Aim of the exercise -
Your task is to restate word for word the lines in the material below, from the one with "I So Stunned like Vegetable Pin - LM" up to and including the one with "Aussie Miracle Curls". Do not carry over the pictures.
[[ Data excerpts open ]]
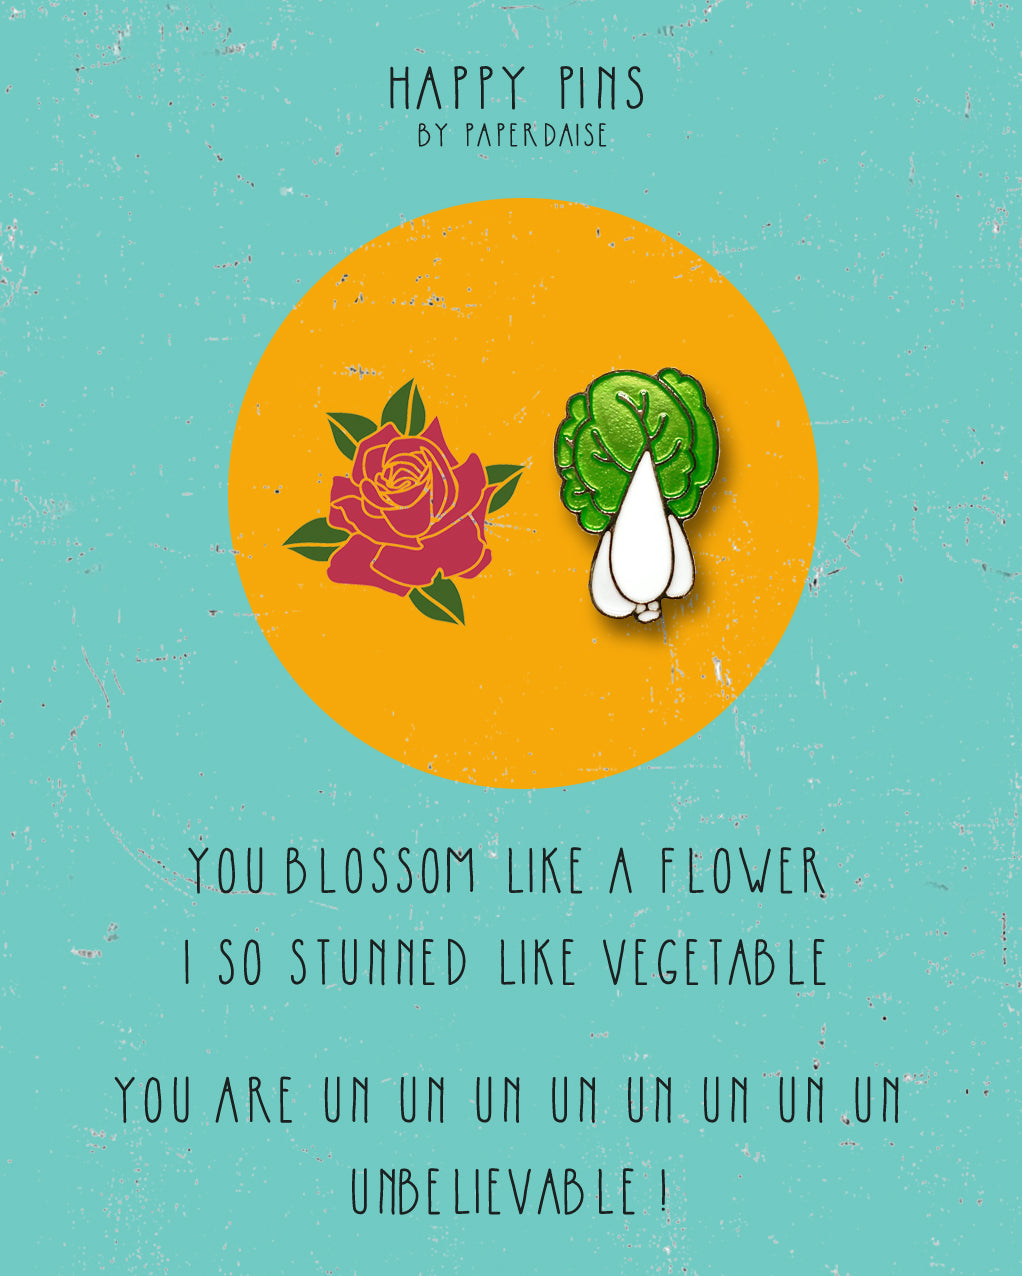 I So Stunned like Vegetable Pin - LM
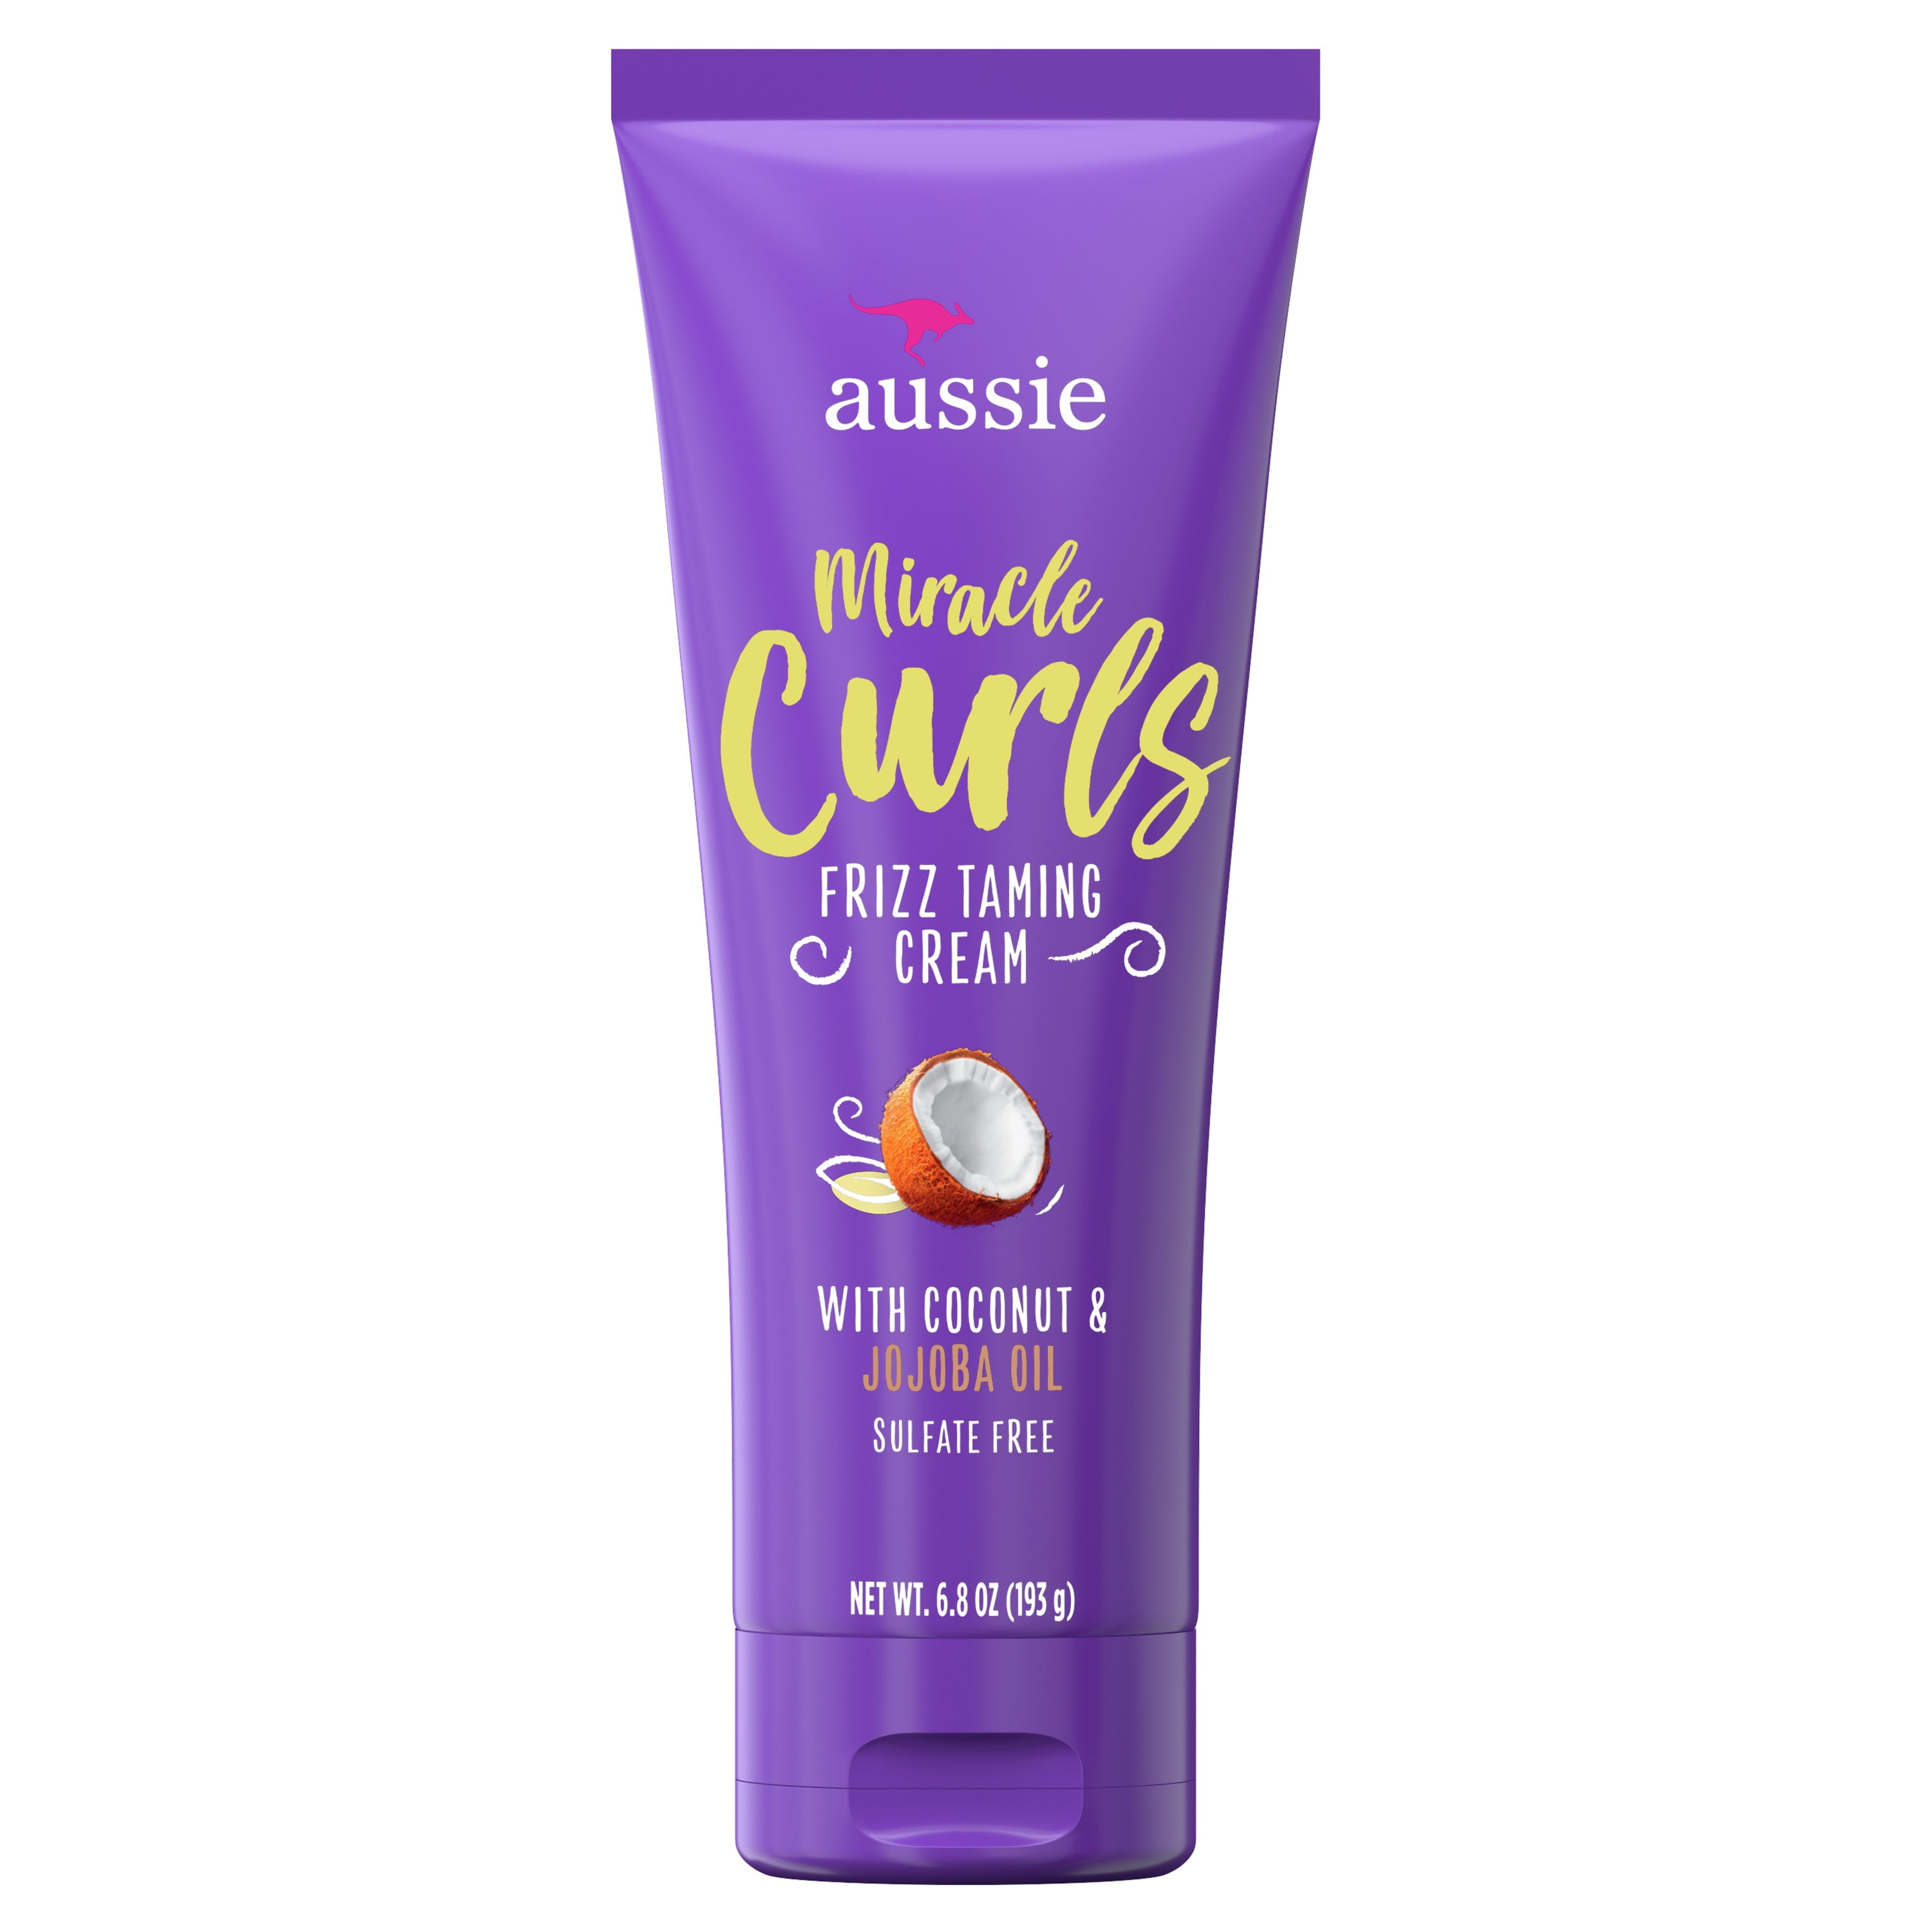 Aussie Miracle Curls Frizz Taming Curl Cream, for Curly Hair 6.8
[[ Data excerpts closed ]]
[[ Data excerpts open ]]
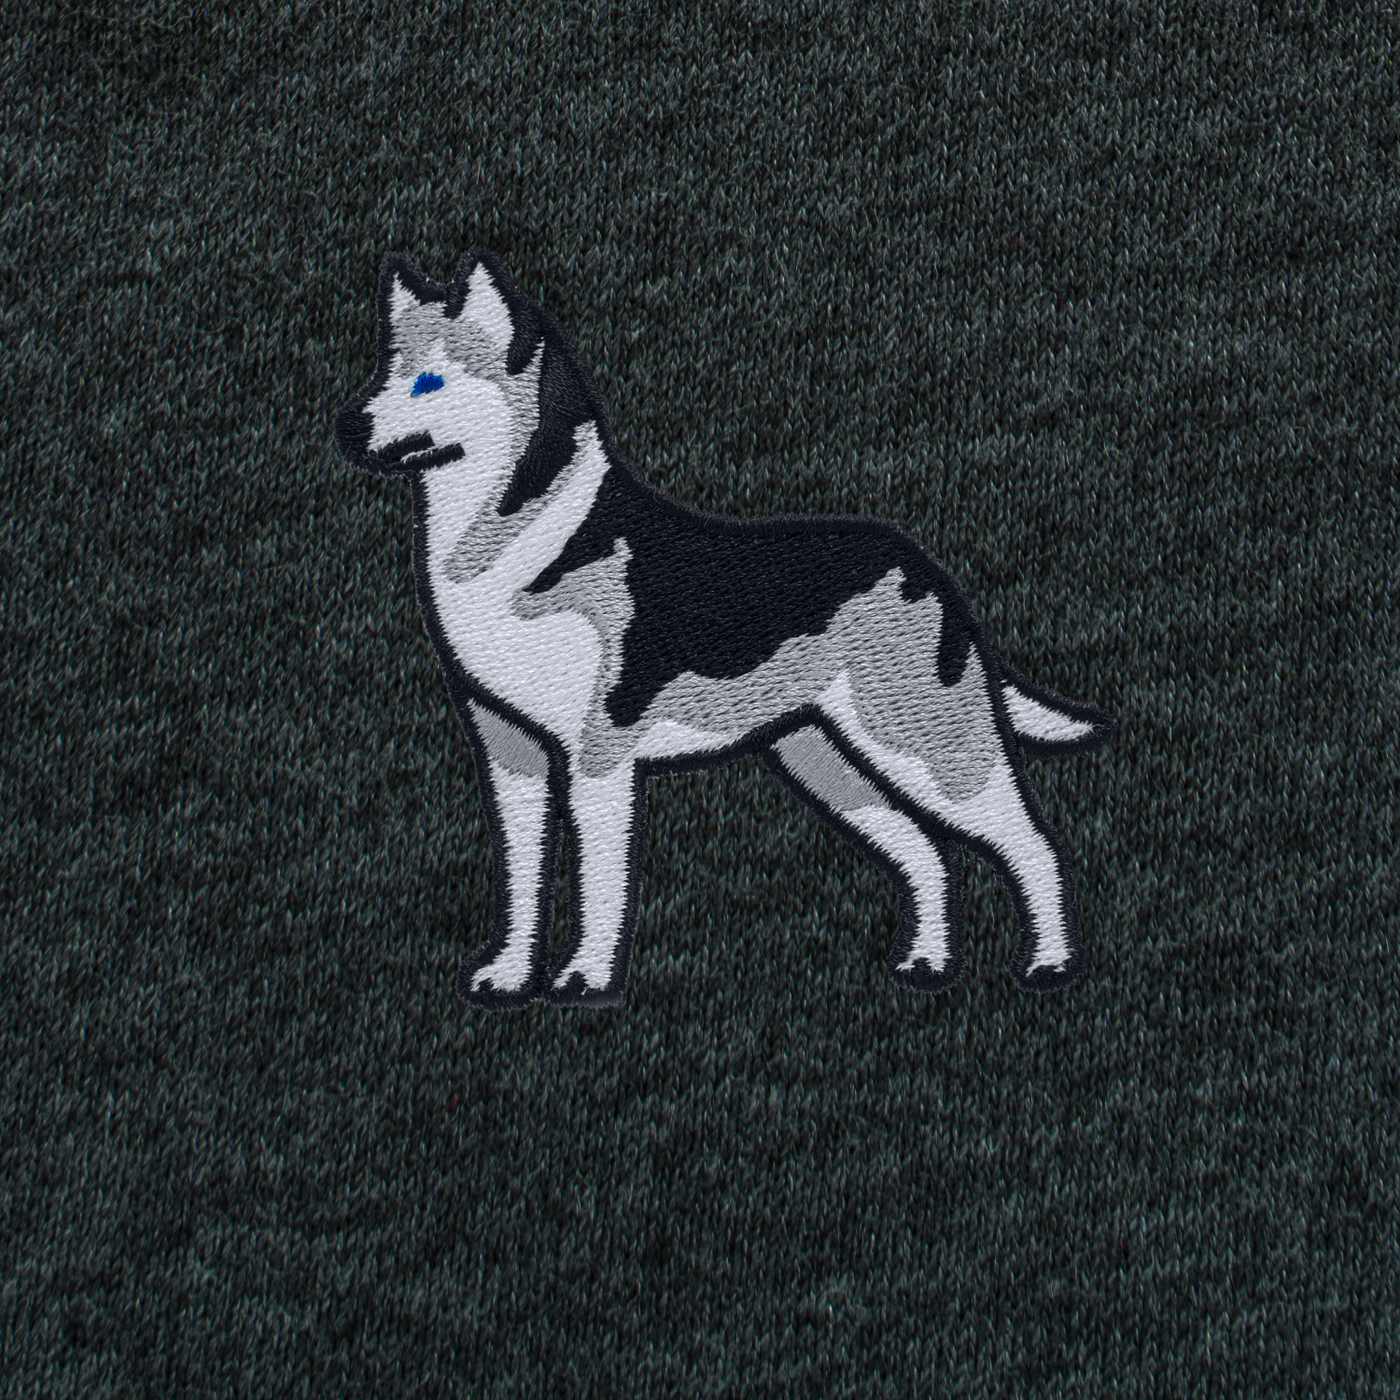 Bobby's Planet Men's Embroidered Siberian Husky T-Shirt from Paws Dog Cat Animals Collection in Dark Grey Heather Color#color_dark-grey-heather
[[ Data excerpts closed ]]
Task answer -
 I So Stunned like Vegetable Pin - LM
 Aussie Miracle Curls Frizz Taming Curl Cream, for Curly Hair 6.8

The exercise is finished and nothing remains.